(DATA SECTION)
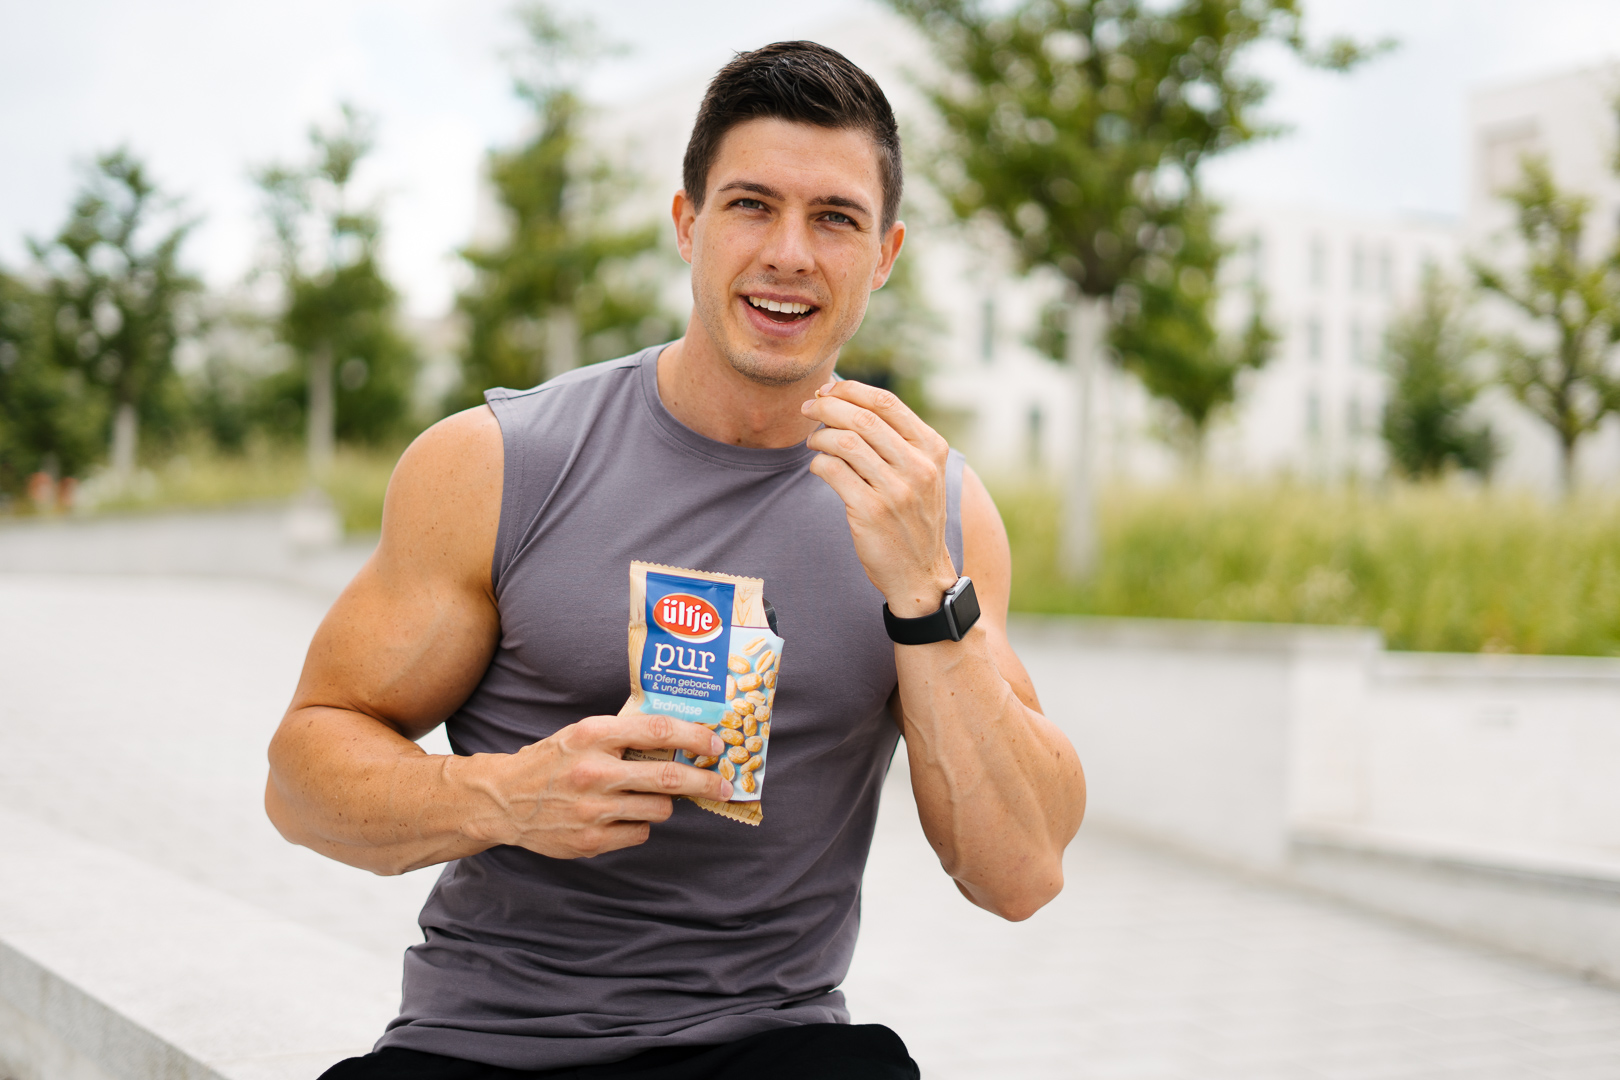 fitnessblog-fitnessblogger-fitness-blog-blogger-stuttgart-dreamteamfitness-erdnuss-gesunde-eigenschaften-ültje-gesunde-fette-proteineis
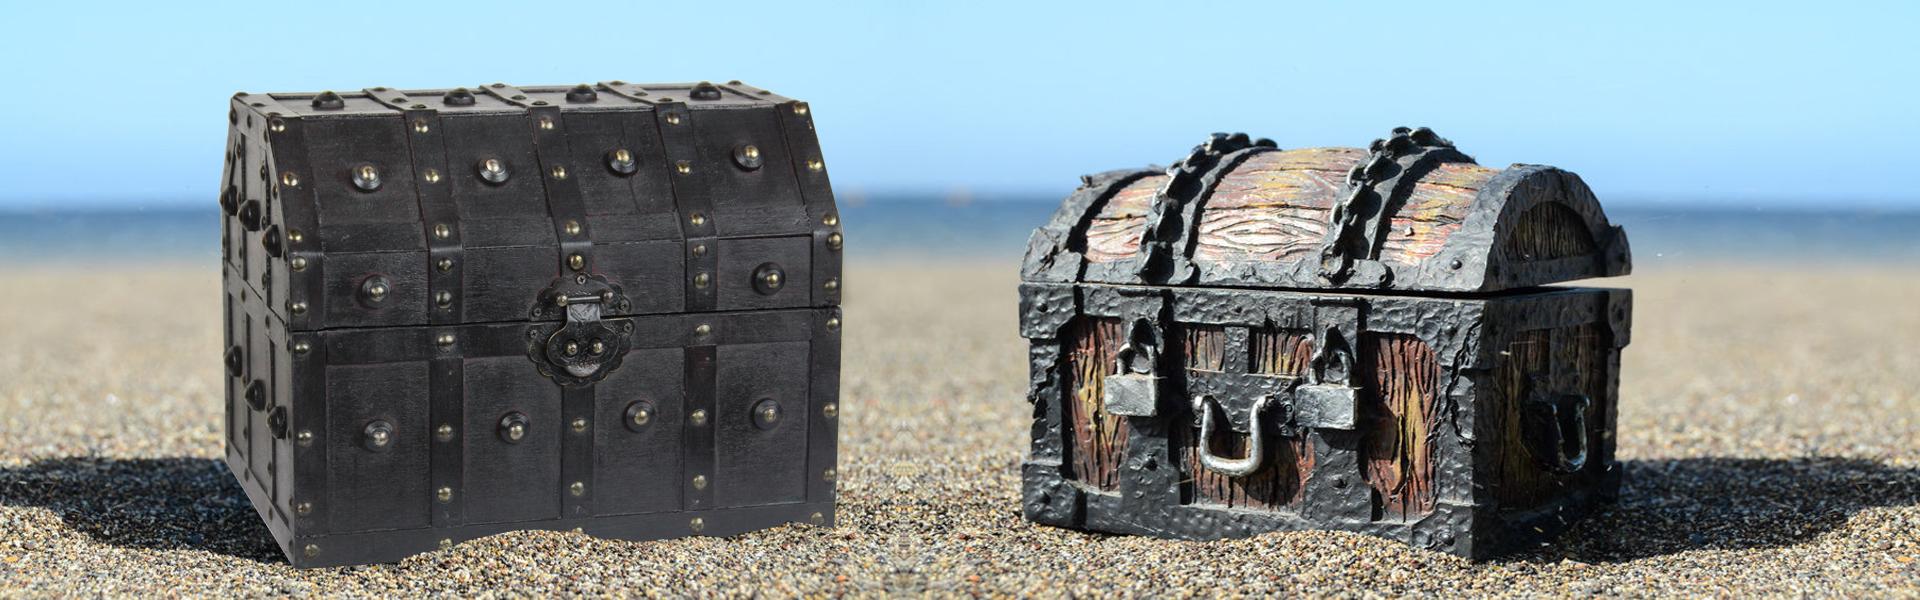 Pirate chest at beach
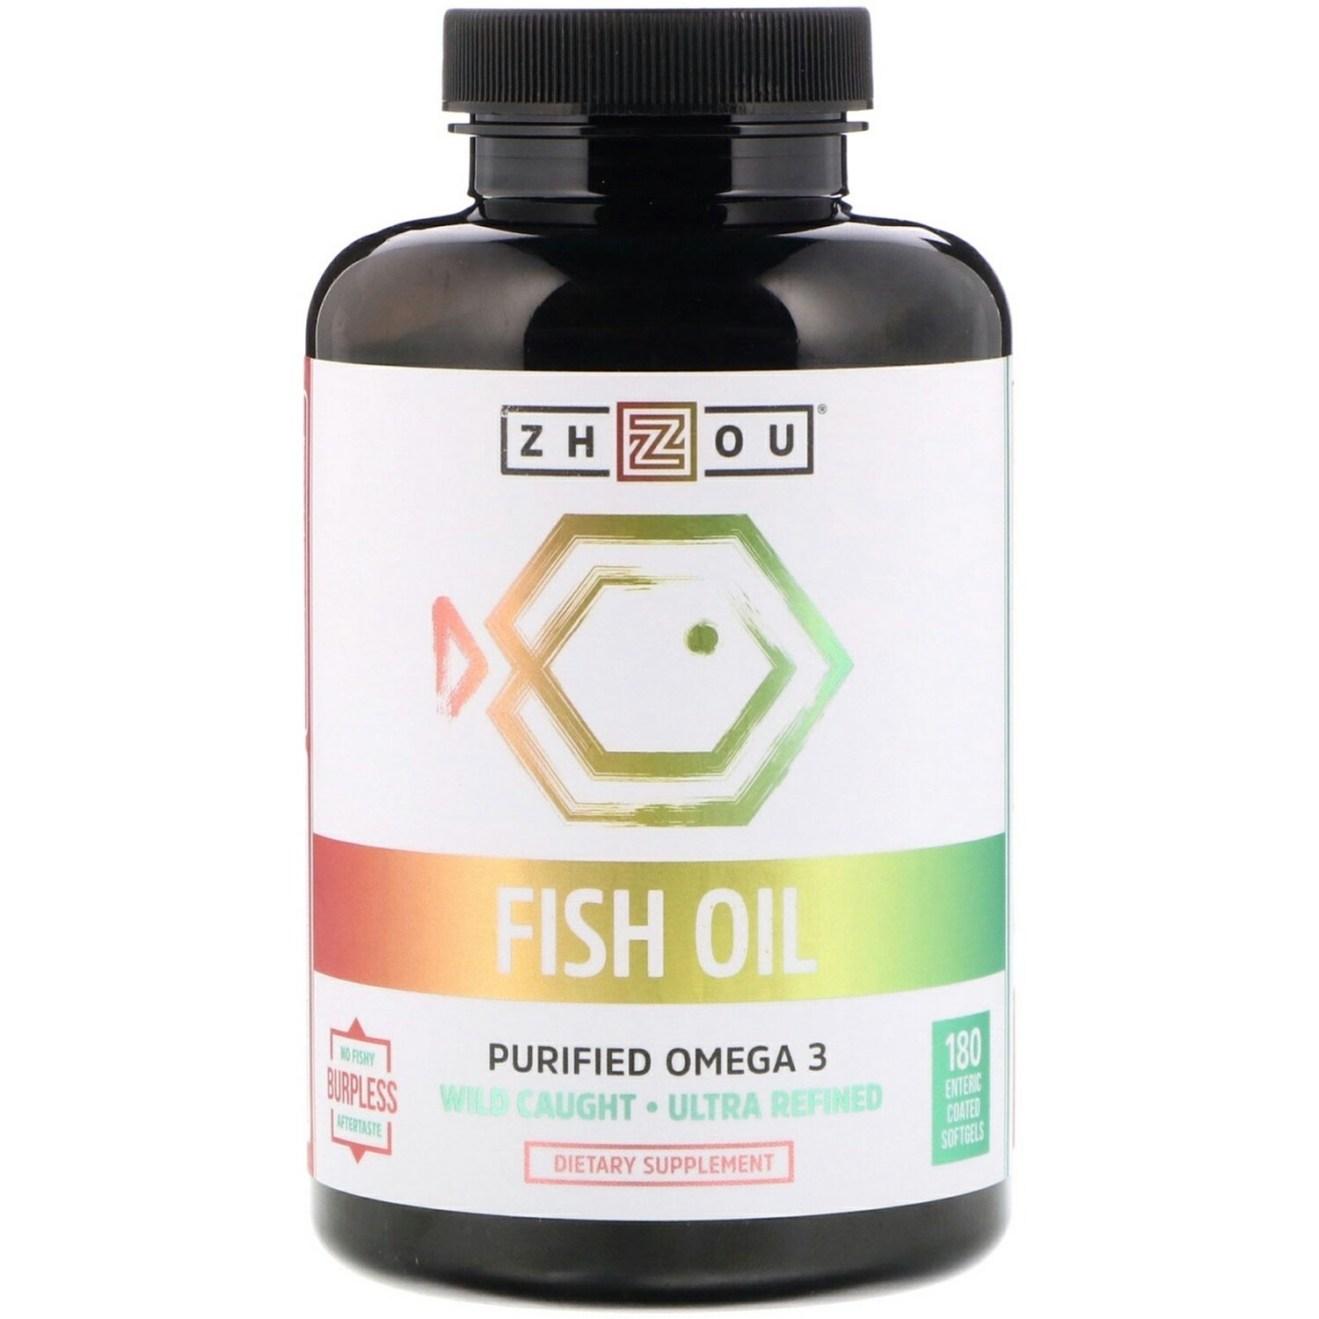 Zhou Fish Oil
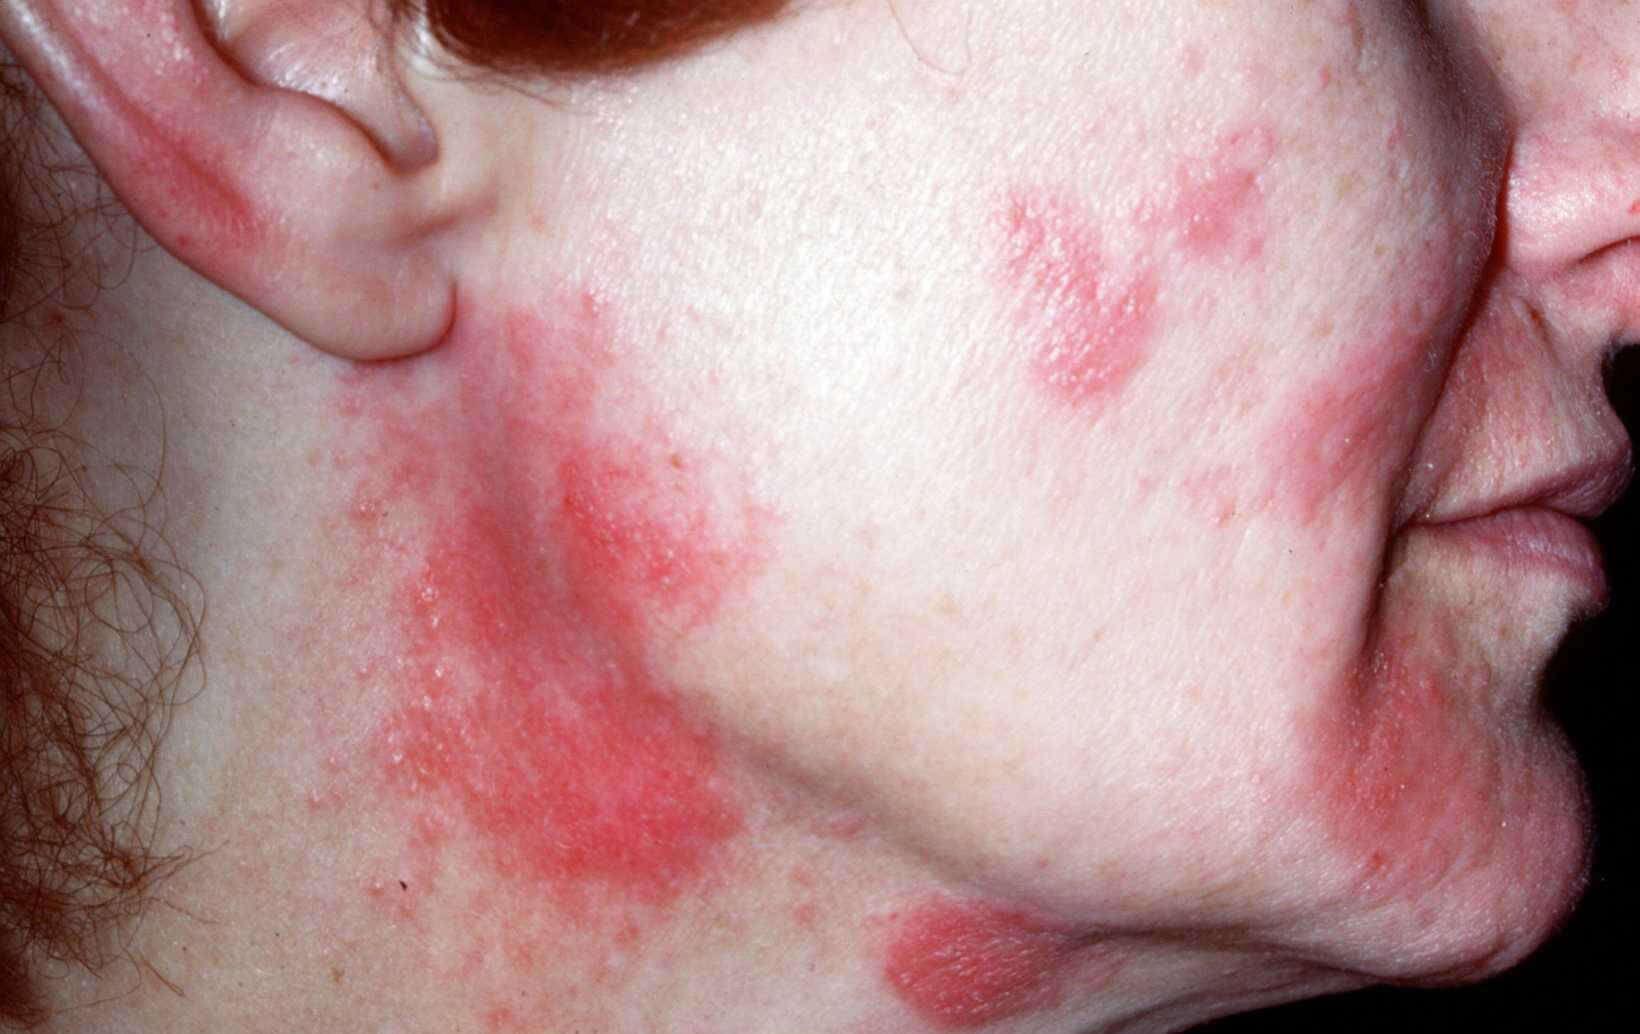 allergie parfum symptomen
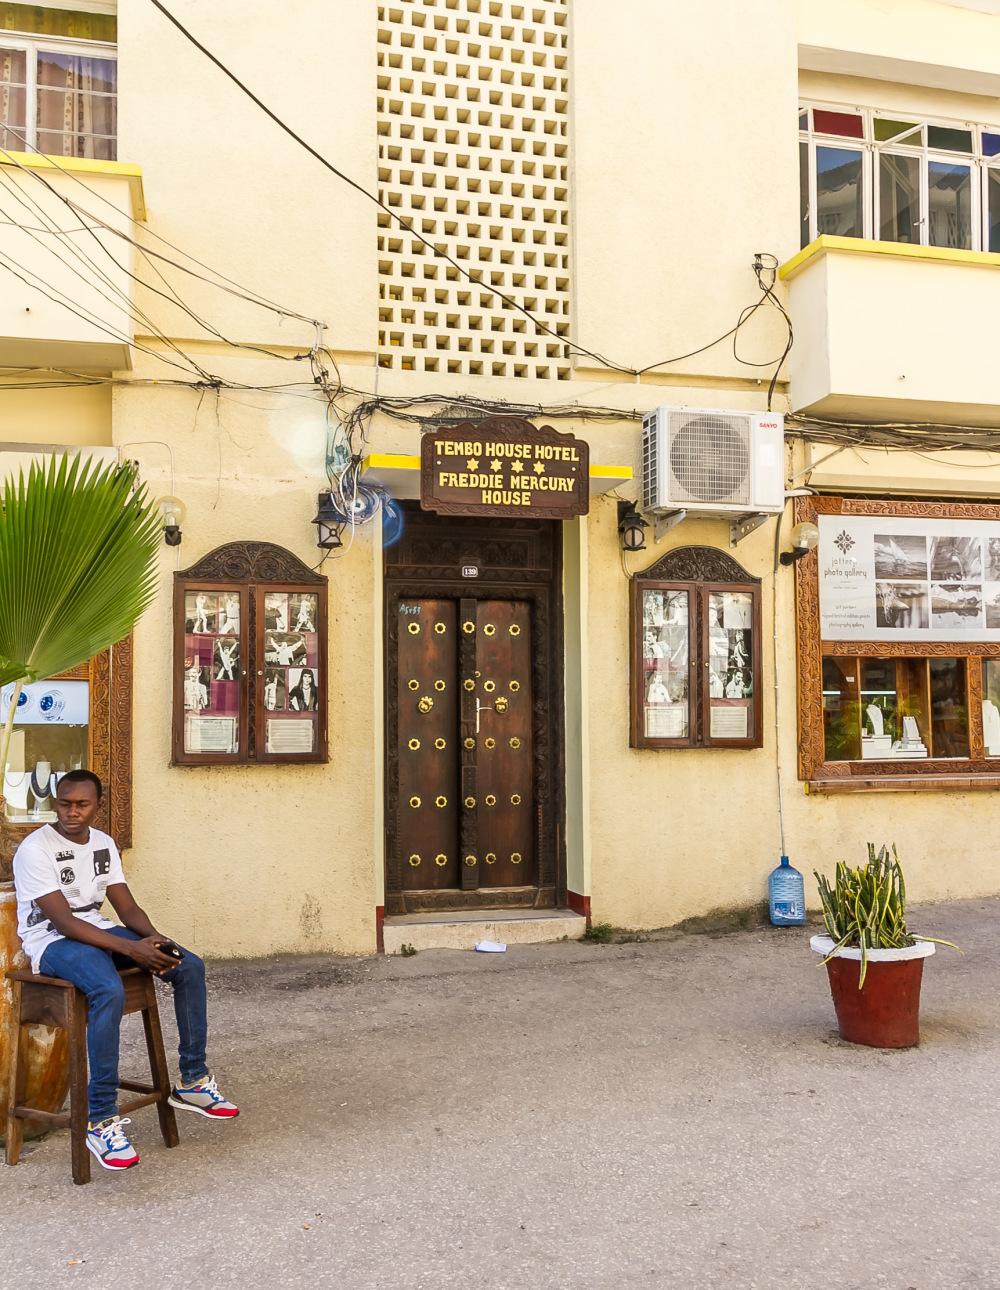 #4 Zanzibar -Freddy Mercury House
(End DATA SECTION)
_WORK TASK_. Only the lines from the one containing "allergie parfum symptomen" through the last line of the entries belong in the answer, given again exactly. Images stay out.

_RESPONSE FOR THIS EXERCISE_.
 allergie parfum symptomen
 #4 Zanzibar -Freddy Mercury House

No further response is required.